Former foreign minister and NSW Premier Bob Carr spoke all about the Hunter during a visit to Kurri on Friday.
The longest continuously serving Premier of the state addressed about 40 people at a morning tea at the Kurri Anglican Church Hall.
Mr Carr was already in the area after the a trip to Maitland Library about his book Diary of a Foreign Minister.
So he contacted Cessnock MP Clayton Barr about organising the event, as Mr Carr said he has “a lot of respect for the local MPs” in the Hunter.
Mr Carr spoke about his present work as director of the Australia China Relations Institute at the University of Technology Sydney.
He said China’s middle class would grow by about 850 million people by 2030 and that the Hunter had a role to play in servicing that growth.

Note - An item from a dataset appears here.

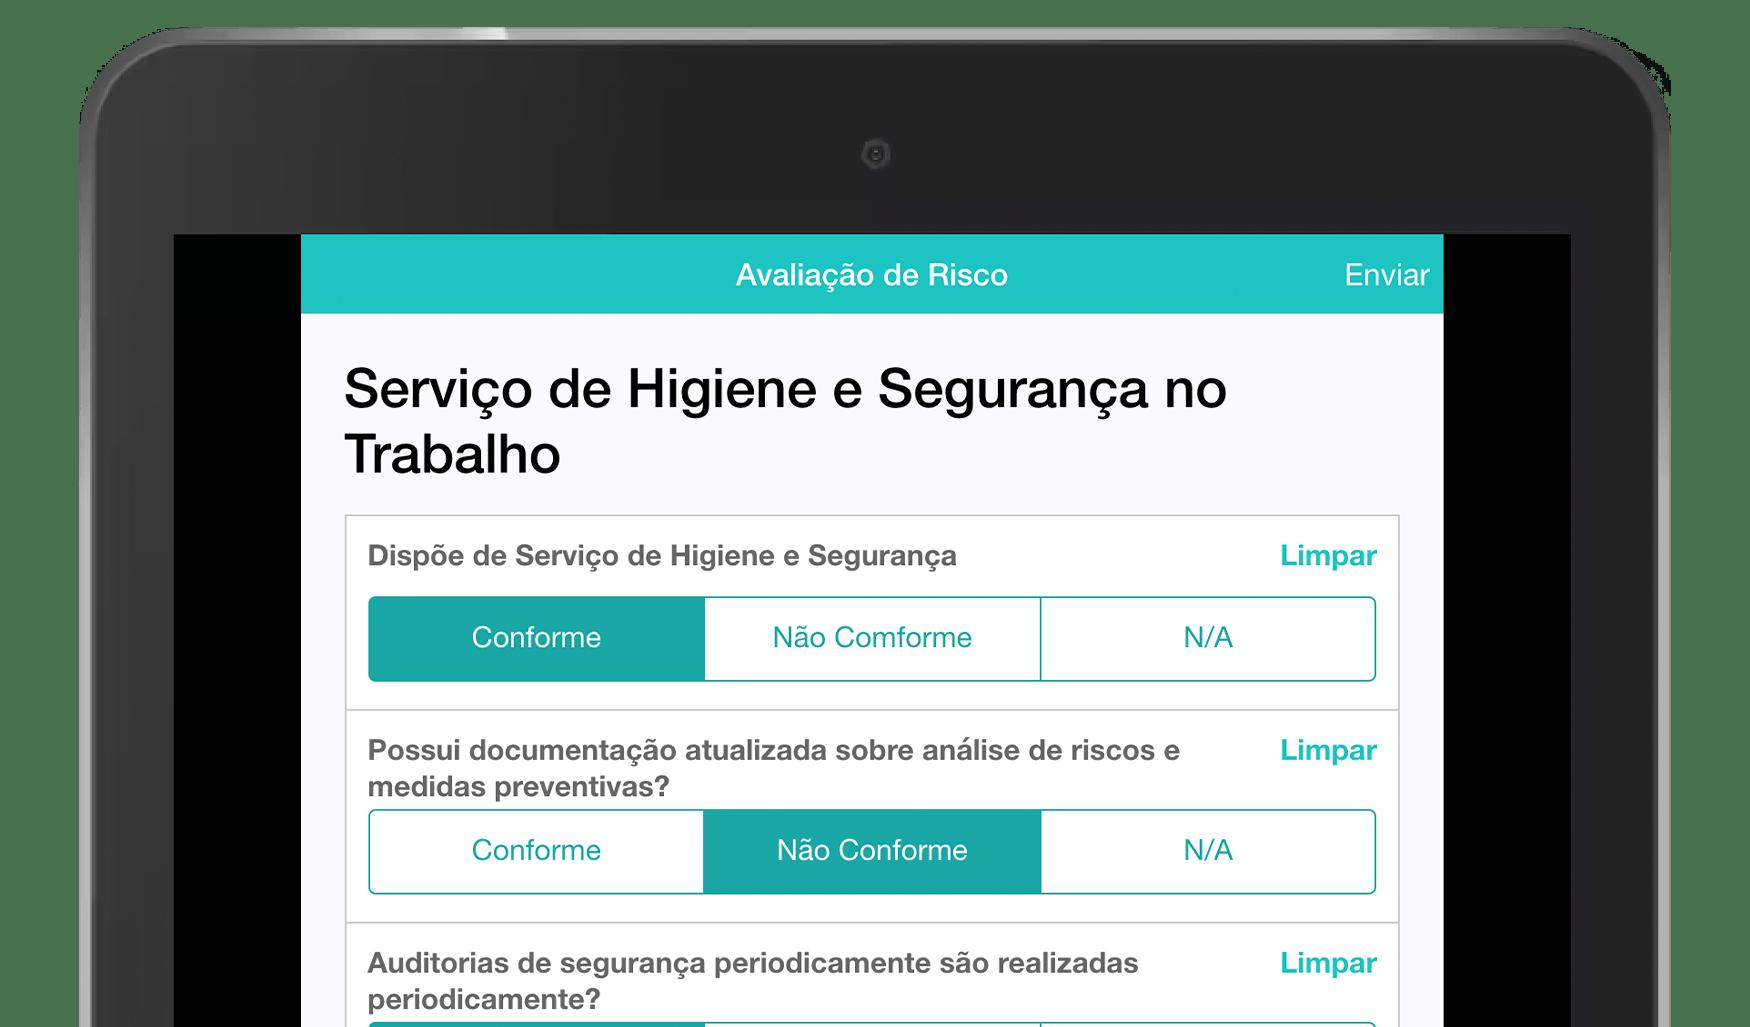 MoreApp Aplicação de Avaliação de Risco

Mr Carr said he expected services, food, wine, coal and hosting students and tourists were the industries he expected would cater for that in the Hunter.
But Mr Carr did say that Hunter coal would become lesser of a provider to China.
“China’s still out biggest [coal] market, but we’ve got to plan for when that’s not the case,” he said.
Mr Carr said one of his main missions when he first became NSW opposition leader in 1988 was to win back the Hunter.
He spent a considerable amount of time trying to do that.
“This is my old hunting ground,” he said.
“I’ve spent a lot of time here.
“I virtually lived here when I was opposition leader. It’s lovely to be back.
The former senator also took questions from the floor, which covered topics such as protecting Aboriginal sites, greyhound racing, the way the state was going and threats to National Parks.
Cessnock MP Clayton Barr said it was great to have Mr Carr in the area and the morning tea was a fantastic opportunity for locals to engage with him on a personal level.
“It was pretty wonderful to have someone of his knowledge and expertise in the local community,” he said.
“He was talking directly with the people. More former politicians should make themselves available to do that.”